Generating a robust, focused, and convincing preclinical data package is critical in cell and gene therapy. Failure to appropriately plan and execute a suitable nonclinical development program is a common source of regulatory application failures and delays.
DHC can provide extensive, in-house subject matter expertise to assist you in successfully planning and executing such a program. Our most popular services include:
We help you to define and describe your nonclinical development plan as well as related safety and efficacy endpoints to optimally support your regulatory and clinical strategies.
We write and/or review your study protocols, reports, and regulatory submissions, ensuring that essential items are thoroughly and appropriately addressed as well as clearly communicated.

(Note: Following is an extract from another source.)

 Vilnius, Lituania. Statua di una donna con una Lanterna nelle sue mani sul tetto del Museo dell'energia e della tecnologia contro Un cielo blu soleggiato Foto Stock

We work with you to understand your development strategy, pipeline asset, Agency interaction timelines, geographical considerations, and operating budget, all with the end goal of identifying, appraising, auditing, and recommending the most appropriate vendor(s) to successfully achieve your objectives.
Study design and oversight can take many forms, such as:
De novo nonclinical package design: We work with you to understand your intended clinical population and setting and carefully develop a nonclinical package in a relevant model with meaningful safety and efficacy endpoints.

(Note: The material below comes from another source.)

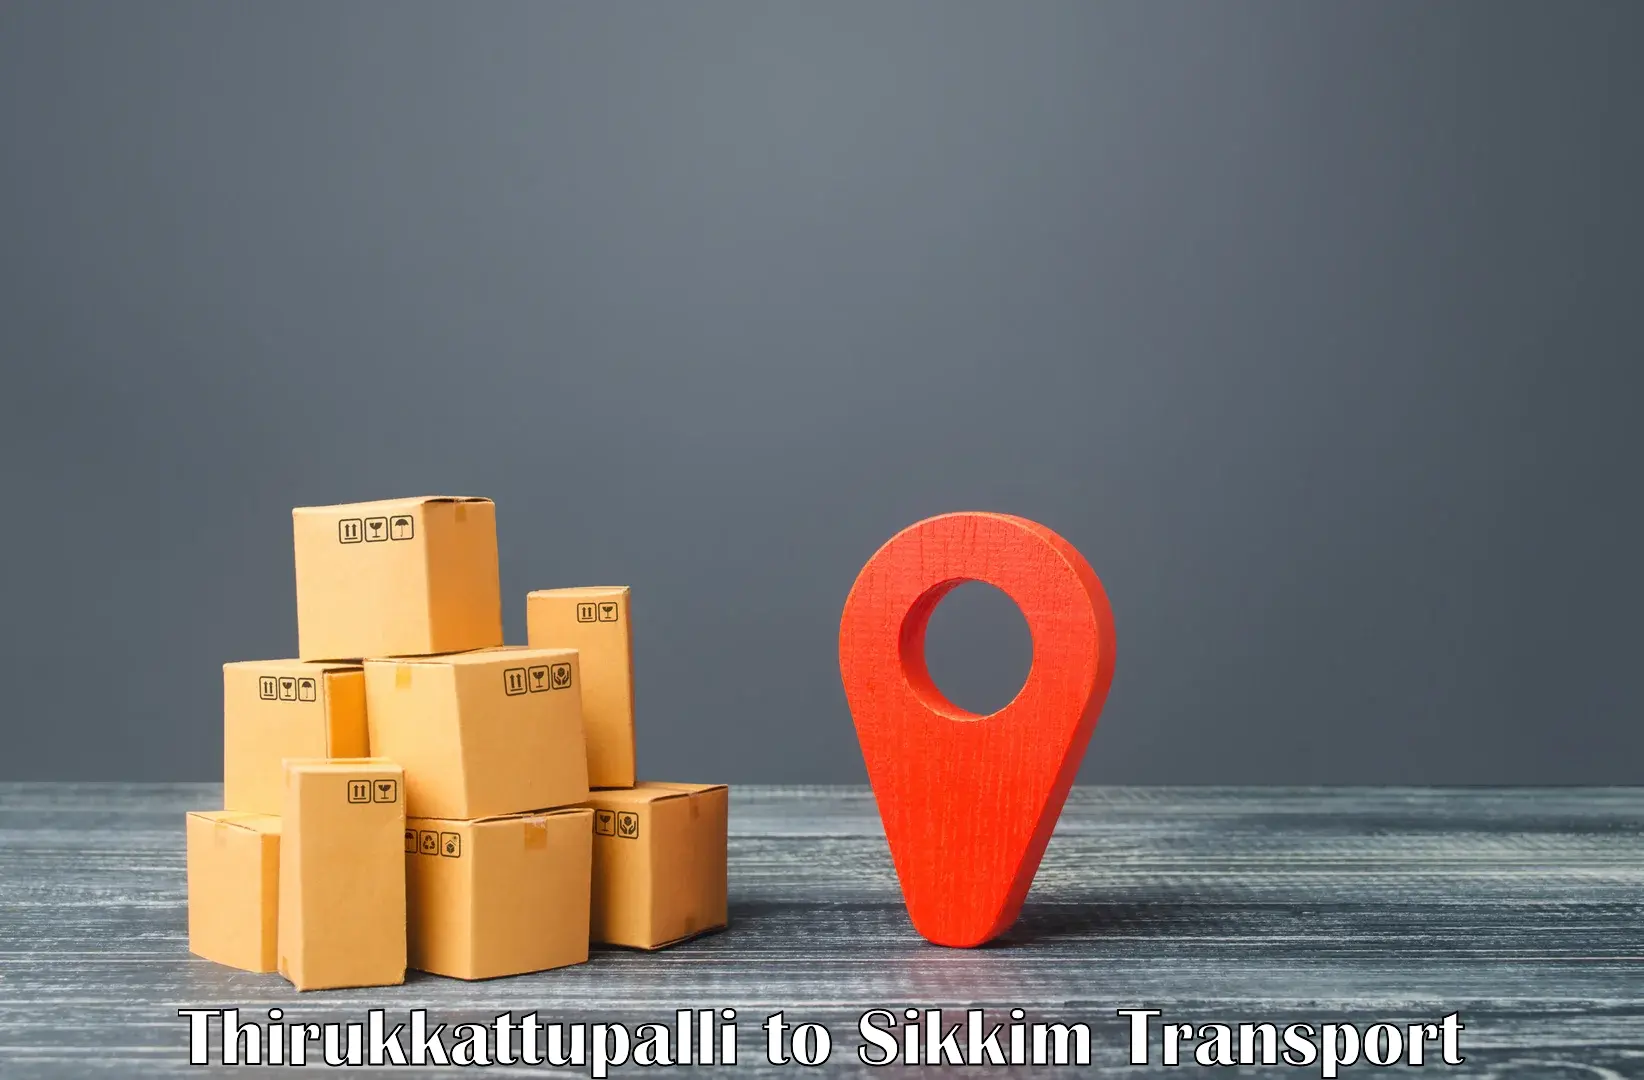 Bike transfer Thirukkattupalli to North Sikkim

Oversight of nonclinical study execution: Our in-house expertise can be deployed (remotely or in person, as necessary) to oversee the execution of preclinical studies and analyze the generated data.
Nonclinical data compilation and review: We compile data from your lab notebooks and study reports into a comprehensive tracking-and-trending database. We evaluate this data using statistical analysis software to help you to understand your nonclinical data and its trends in a way that you might not have previously considered.
Nonclinical package gap analysis and study design: We review your existing nonclinical data package and carefully develop a comprehensive nonclinical/preclinical roadmap to make your data package more robust, complete, and likely to succeed in gaining regulatory agency approval.